Iterating over an array is a common practice in C; you will find yourself doing it many times in this class. Below is an example of printing each value of an array.

int myArray[ARRAY_LEN] = {0, 1, 2, 3, 4};

for (int i = 0; i < ARRAY_LEN; i++) {
    printf("%d\n", array[i]);
}

You’ll also see arrays with multiple dimensions. You can think of these arrays as tables or grids. They can have many axes.

char sentences[10][50]; // an array of 10 arrays of 50 chars; in other words,
                        // 10 strings of max length 50.

uint8_t seats_in_a_building[8][10][50]; // an array representing 8 floors, with
                                        // 10 rooms on each floor, and 50 seats in each room.

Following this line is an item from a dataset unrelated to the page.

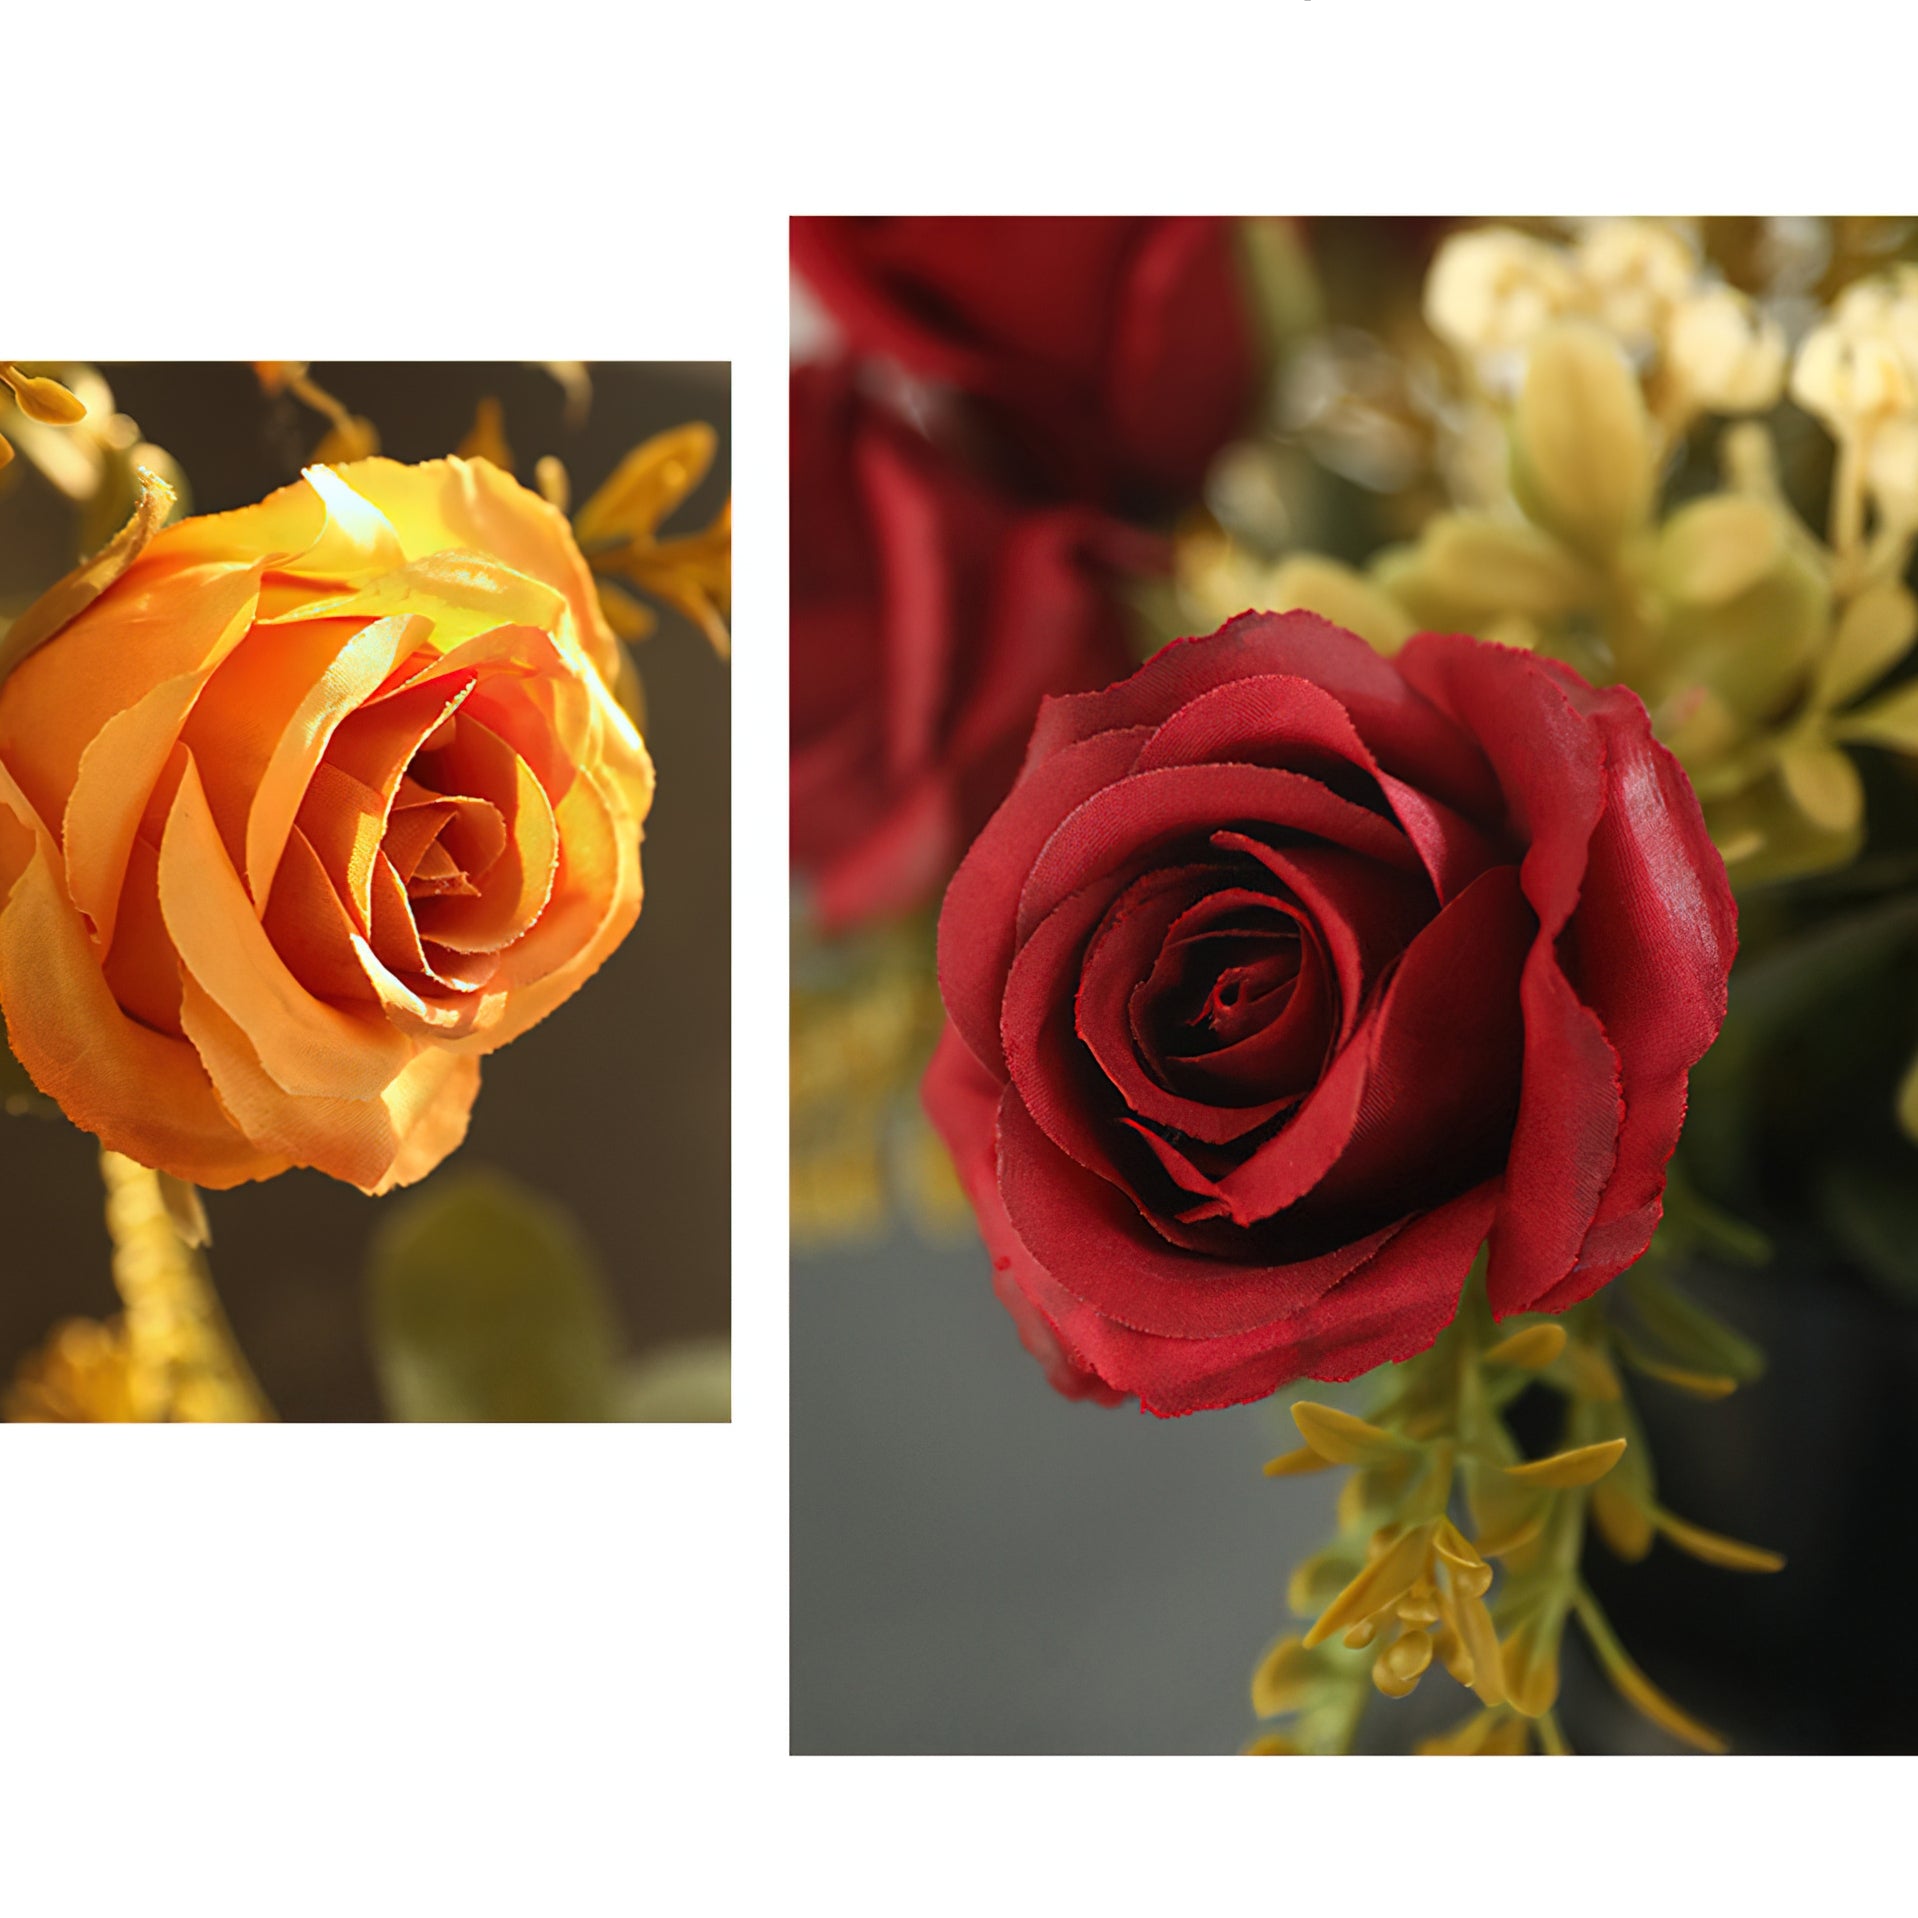 Vintage Silk 7-Heads Rose Artificial Bouquet - Elegant Faux Flowers for Weddings & Home Decor - Perfect for Centerpieces & Presents

uint8_t video_pixels[30*60][1280][720][3]; // an array representing 30 seconds of a 60 fps, 720p video (1280x720),
                                           // with each pixel getting 3 values for red, green, and blue.

While higher dimensional arrays are a bit harder to understand intuitively, they are useful because arrays are always stored in contiguous memory, meaning that the elements are stored one after the other in a long line in the memory of your computer. To us, a 2D array is represented as a table of values. To a computer, the array is just one long list. This grouping allows maximum packing efficiency when storing huge quantities of data. You’ll get more experience with large arrays in the next lab.

Characters and Strings

You have probably noticed by now that C does not include a string data type. Instead, individual letters are represented with the char data type. Each decimal value from 0 to 127 is mapped to a specific character per the ASCII (American Standard Code for Information Interchange) standard. For example, the character A is represented by the decimal value 65. This is different from the character a, which is represented by the decimal value 97. You can find this standard by simply googling “ASCII Table” or by using a website like ascii-code.com.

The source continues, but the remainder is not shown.